Komi, J, Lankinen, KS, Härkönen, P, DeGregorio, MW, Voipio, S, Kivinen, S, Tuimala, R, Vihtamäki, T, Vihko, K, Ylikorkala, O, et al
Menopause (New York, N.Y.). 2005;(2):202-9
Abstract
OBJECTIVE To compare ospemifene and raloxifene regarding their effects on hormones, lipids, genital tract, and tolerability in postmenopausal women. DESIGN A randomized, double-blind study in which 118 healthy postmenopausal women received 30 (n = 29), 60 (n = 30), or 90 mg (n = 30) of ospemifene or 60 mg (n = 29) of raloxifene for 3 months. RESULTS There were no significant differences in the baseline characteristics between study groups. In comparison with raloxifene, follicle-stimulating hormone levels decreased significantly more in the 90-mg ospemifene group and sex hormone-binding globulin levels increased more in all ospemifene groups. Total cholesterol and low-density lipoprotein cholesterol levels decreased more in raloxifene than in ospemifene groups, although the difference in low-density lipoprotein cholesterol between 90-mg ospemifene and raloxifene was not significant. Endometrial thickness did not change in any study group and endometrial biopsies showed atrophy in the majority of subjects at 3 months. All ospemifene groups demonstrated a clear estrogenic effect on the vaginal epithelium, as seen in Pap smears. This was in sharp contrast to the raloxifene group, which had no effect on the vaginal epithelium. Kupperman index decreased in all study groups during treatment. The adverse events were mild, mainly single cases, and no clustering of events was observed. There were no clinically significant abnormal findings in laboratory safety parameters.
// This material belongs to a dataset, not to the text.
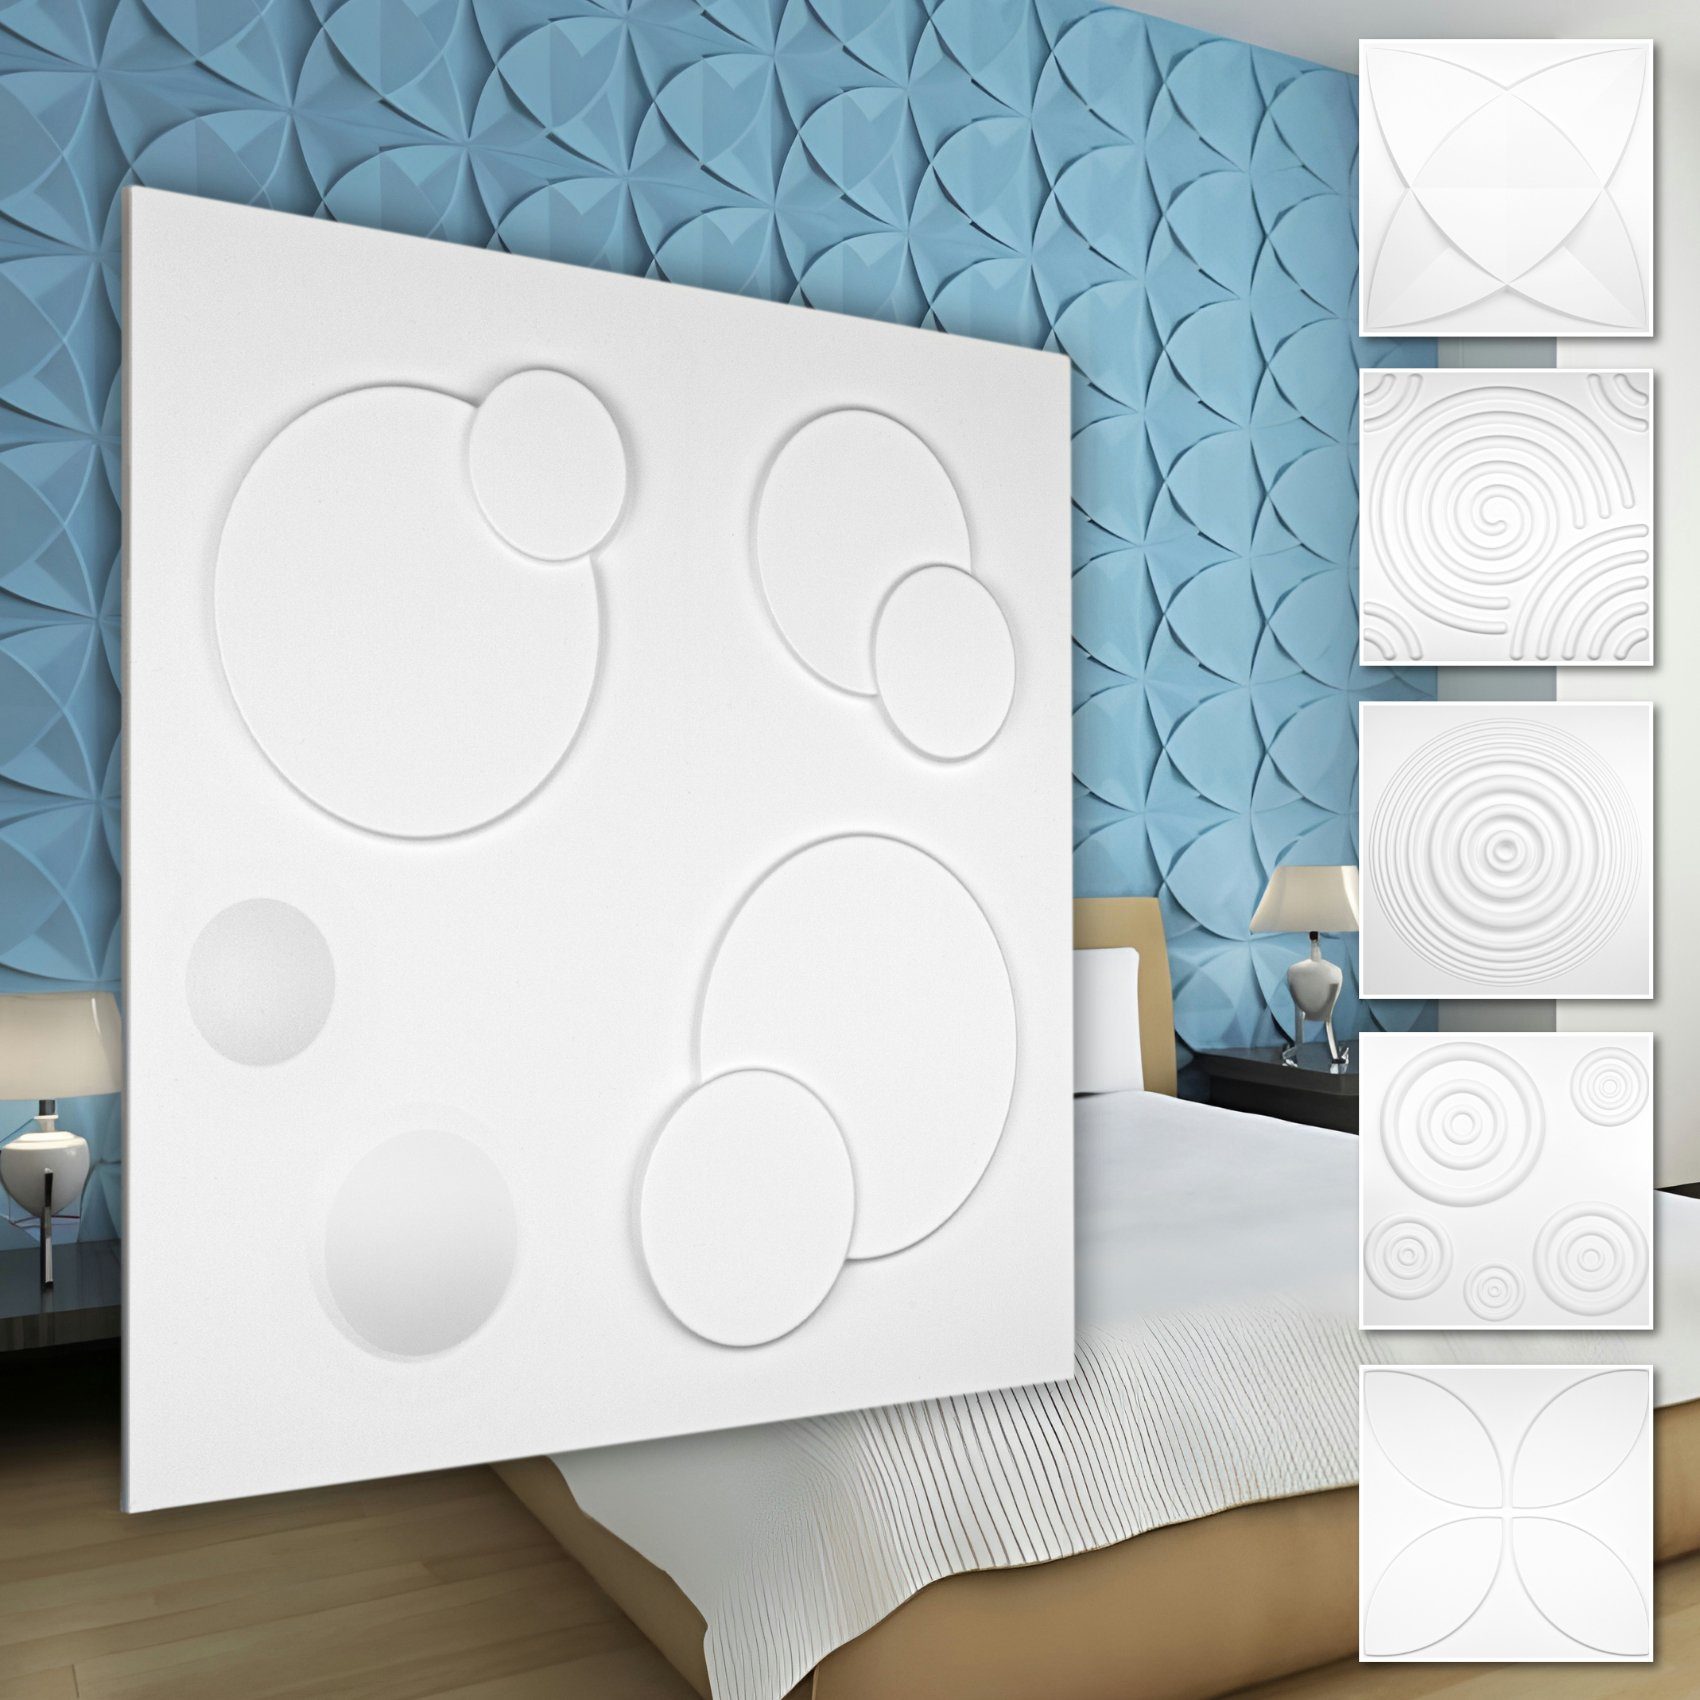 Hexim Wanddekoobjekt HD108 (PVC Kunststoff - weiße Wandverkleidung mit 3D Optik - Kringel Motive (0.25 qm 1 Platte) Hintergrund Schlafzimmer)

CONCLUSIONS Ospemifene, at the dose of 90 mg/day, was more estrogenic than raloxifene, as shown by changes in serum follicle-stimulating hormone and sex hormone-binding globulin levels. Neither agent stimulated endometrium, but in contrast to raloxifene, ospemifene had a clear estrogenic effect in the vagina. Further studies with ospemifene are needed in subjects with vaginal atrophy.